Site Background & History
The site was formerly occupied by the Southend Gas Works. The site is located on the Eastern Esplanade, Southend-onSea and is bounded by the Thames Estuary 50m to the south and residential properties to the north, east and west of the site. The site occupied an area of 2.5 hectares and has planning permission for over 200 residential properties.
The site was historically utilised for coal / coke storage and gas purification.
In recent years the site has been utilised as a gas distribution depot, a contractor’s yard and a boat maintenance / storage yard.

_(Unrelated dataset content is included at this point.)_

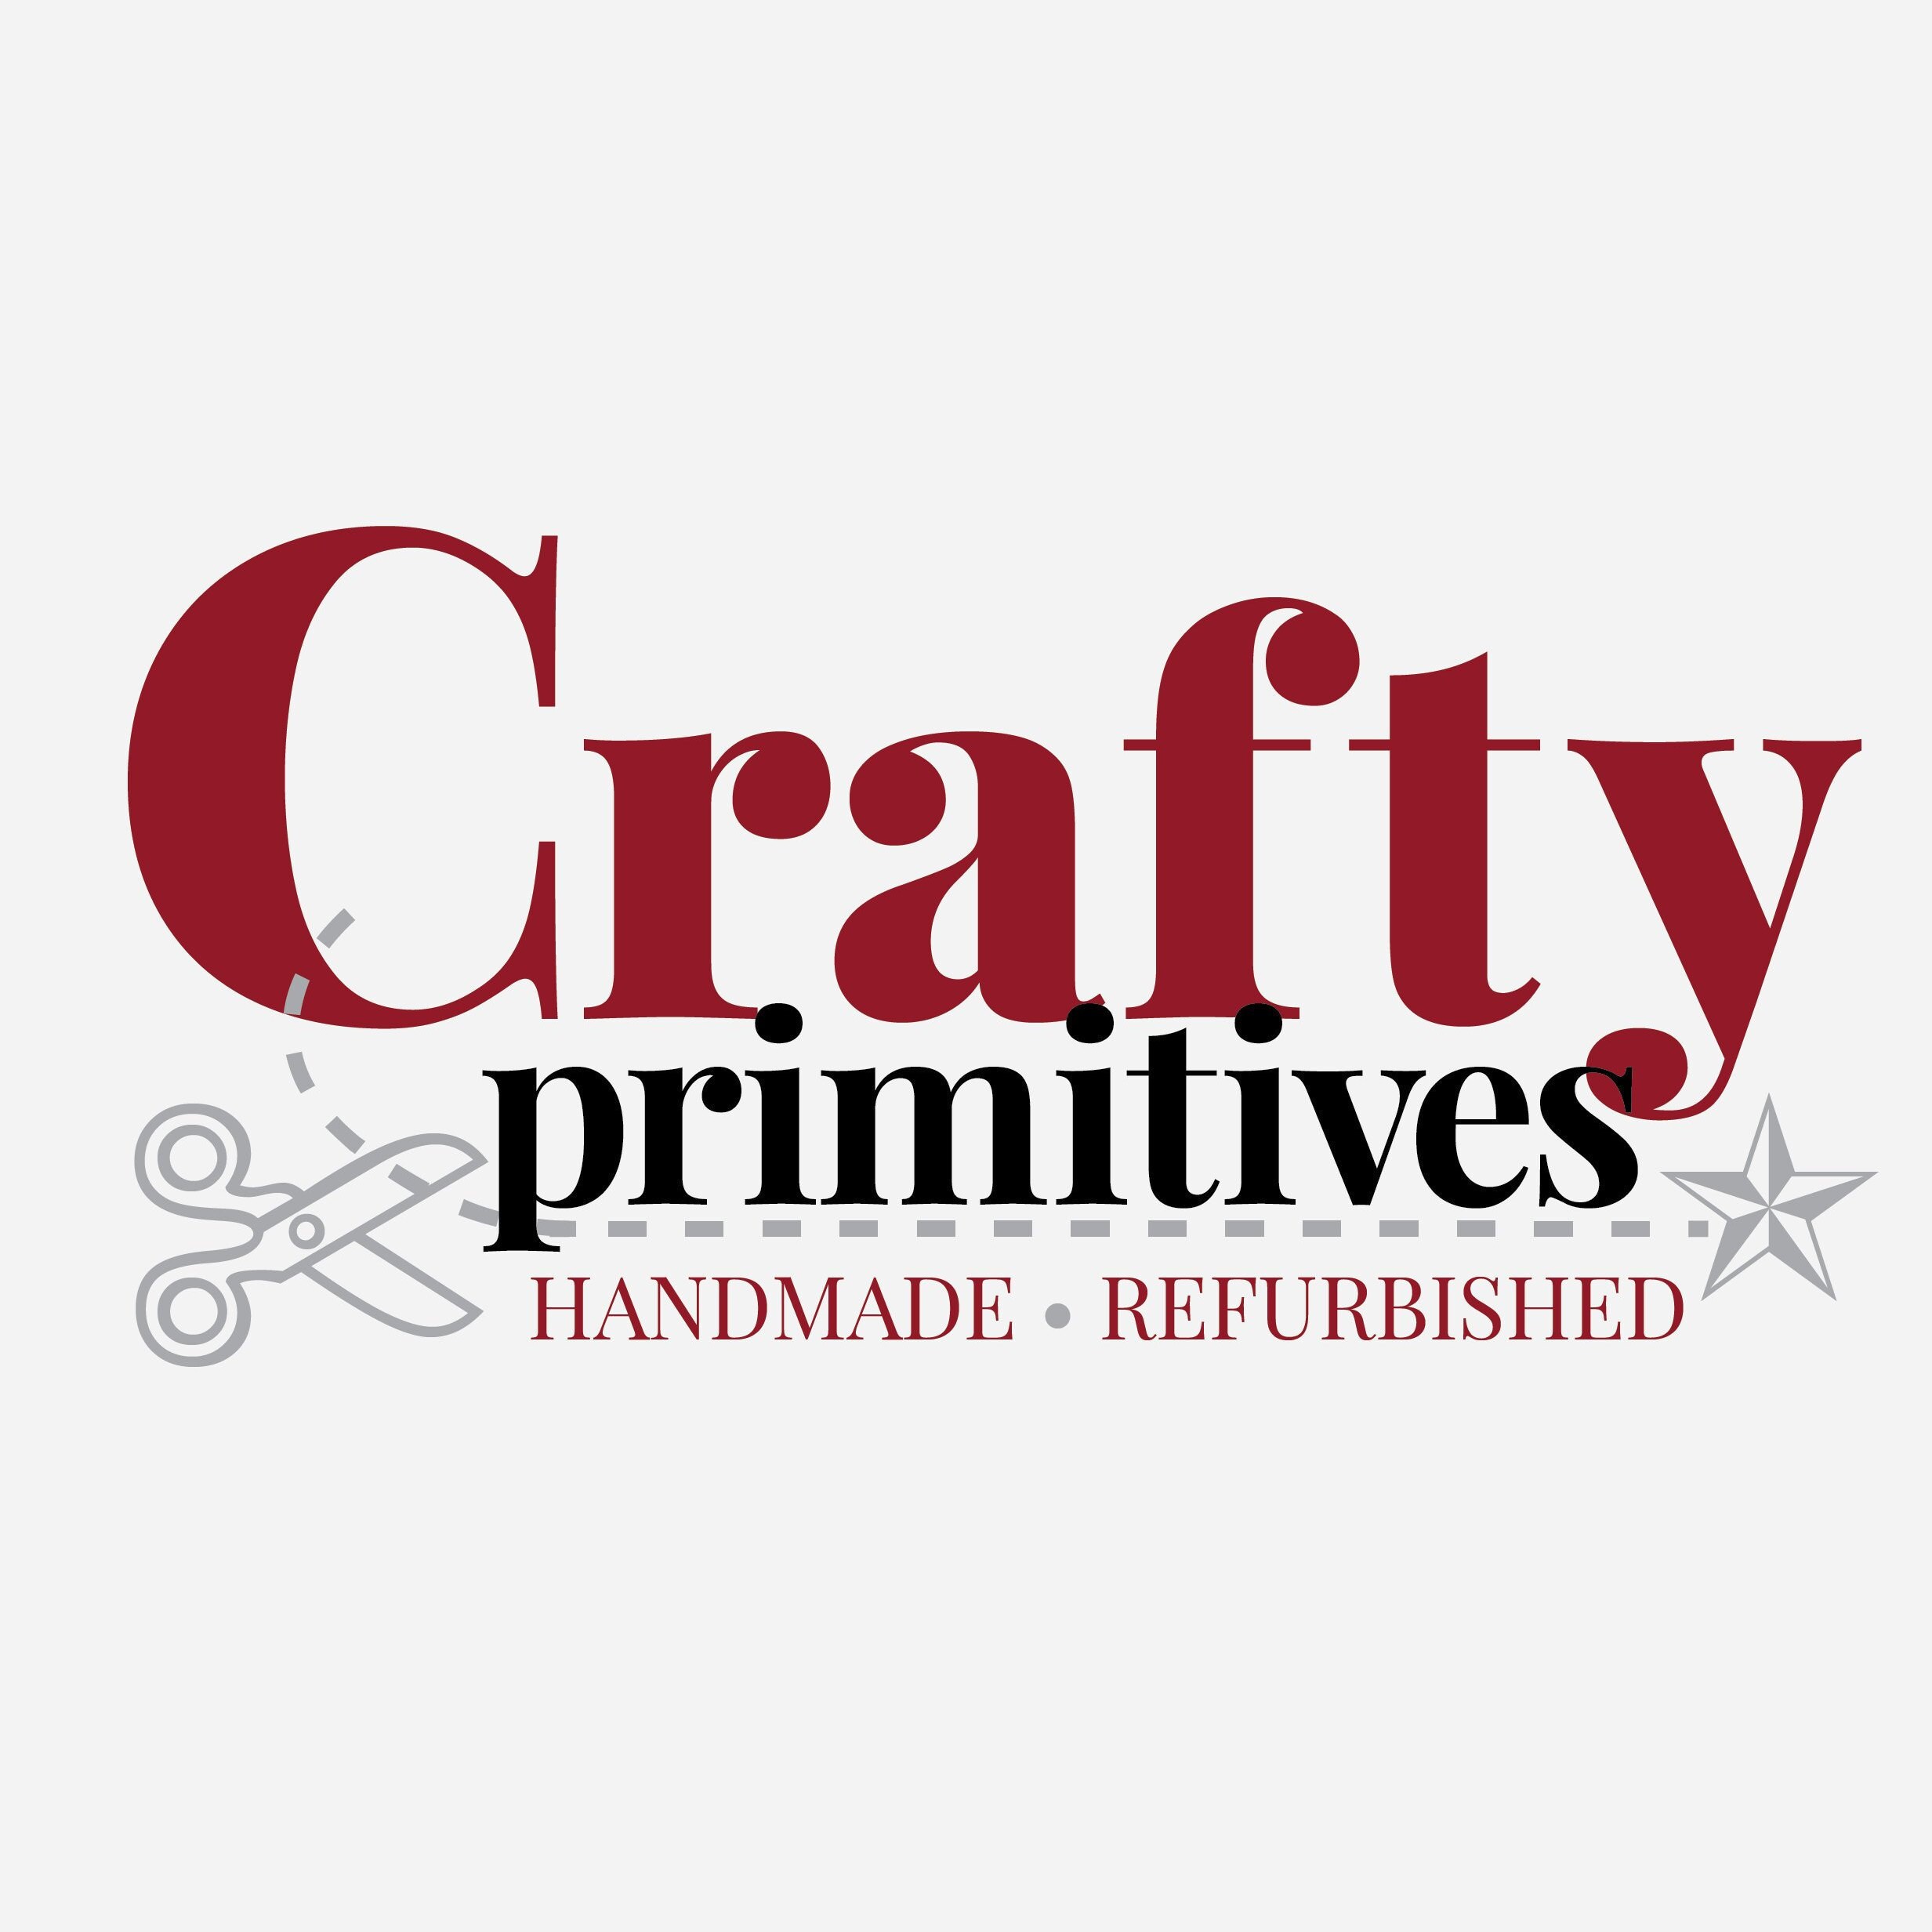 Shop  Craftsybay - Art Prints, Clothing, Drinkware

The historical usage of the site as a gas works had resulted in significant soil and groundwater contamination. The identified contaminants on-site reflected the historical usage of the site and included heavy metal pollutants (arsenic, trivalent and hexavalent chromium, copper, lead and nickel), total petroleum hydrocarbons, polycyclic aromatic hydrocarbons, phenols and ‘total’ cyanides (free and complex) associated with spent oxide (‘Blue Billy’) wastes identified on-site.
Objectives
The remediation strategy for the site was designed to address the identified source contamination with the intention of protecting both human health and groundwater / surface water receptors (in particular the River Thames).
Methodology
The ex-situ remediation works involved the treatment of circa 14,300m³ of contaminated soils and 1,500m³ of spent oxide waste (containing high levels of total cyanides).
The treatment process involved mixing the contaminated materials with the designated E-Clay in slurry form and cementitious materials in dry form. A specialist mix formulation was utilised to treat the spent oxide wastes to ensure that free cyanides were not generated by the treatment process – the objective was to drive the reaction equilibrium to form complex cyanides which have low toxicity and solubility – these complex cyanides were then stabilised by the treatment process.
The contaminated soils / spent oxide wastes (and associated groundwater) were treated in 5m³ batches utilising specialist processing buckets.